Vor einem alten Conestoga-Wagen ohne Räder, dessen Tür mit schräg gestellten Ästen und Zweigen abgedeckt war, brannte in einem Kreis aus Steinen ein Feuer. Da es durchaus denkbar war, dass die Bewohner dieses Lagers Fremden gegenüber nicht gerade freundlich gestimmt waren, wollte Rachel sich gerade lauthals bemerkbar machen und sich dafür entschuldigen, dass sie einfach in das Lager eingedrungen war, als ein kleines, sommersprossiges Gesicht hinter dem Wagen hervorlugte.

»Wer bist du?«, fragte das Kind herausfordernd.

Der Junge, den Rachel sah, musste neun, höchstens zehn Jahre alt sein. Er hatte weizenblonde Haare, die ihm ins Gesicht fielen, er ging barfuß und seine Kleidung bestand aus Lumpen.

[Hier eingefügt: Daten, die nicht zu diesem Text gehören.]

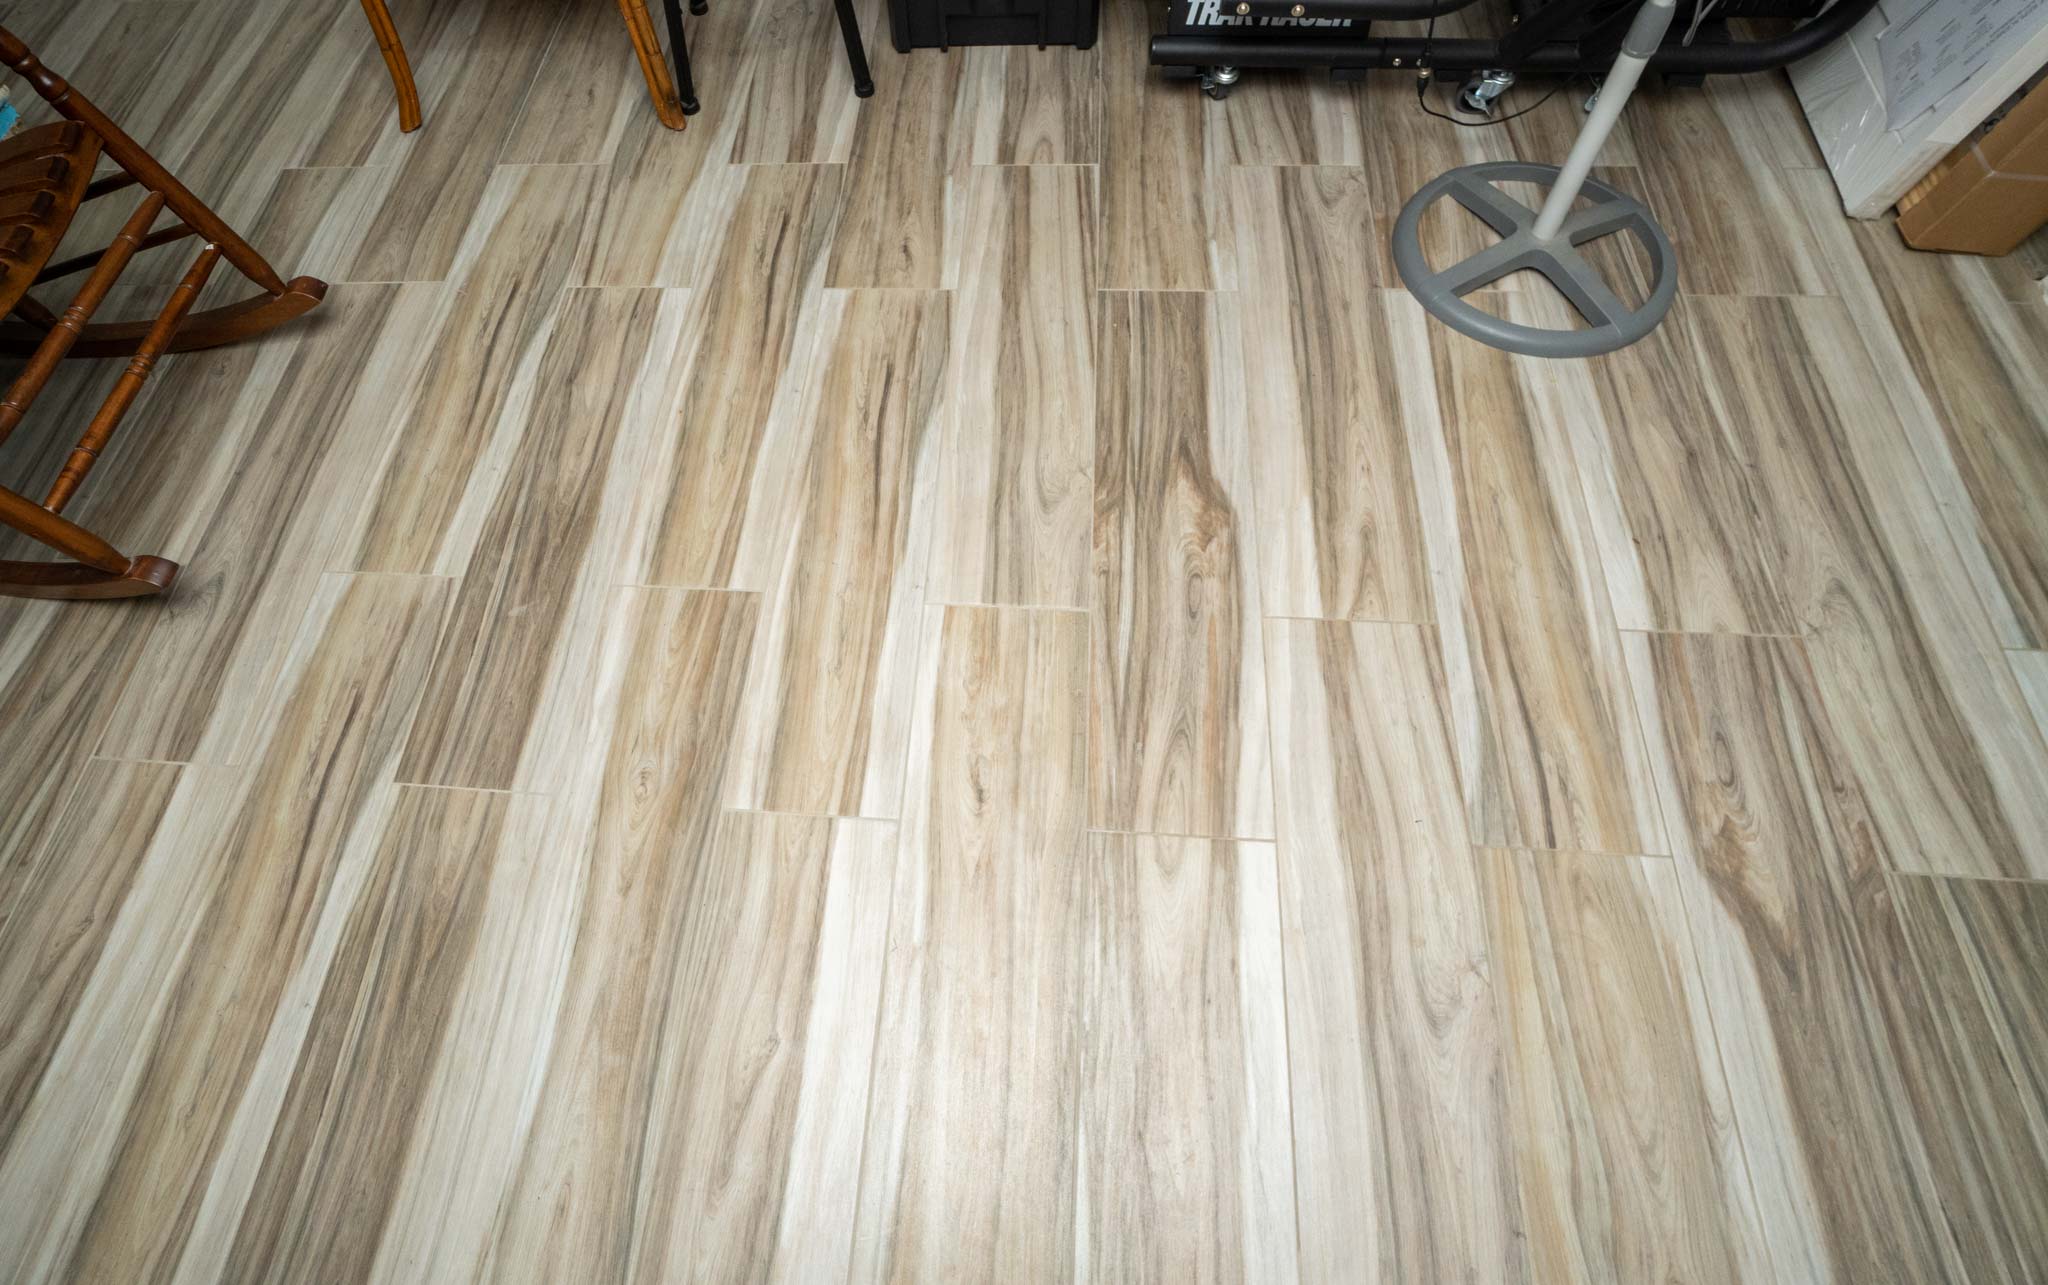 How To Clean Sticky Floors Country, How To Clean Sticky Dirty Hardwood Floors

»Ich heiße Rachel English«, erwiderte sie und ließ sich dabei vom Rücken des Pferdes gleiten. Es tat gut, wieder auf den eigenen Beinen zu stehen. Sie war es gewohnt, zu Fuß zu gehen. Zwar war sie eine ganz gute Reiterin, aber sie fühlte sich im Sattel nicht unbedingt wohl. »Und wie heißt du?«

»Du verschwindest besser, bevor mein Pa zurückkommt«, warnte der Junge sie.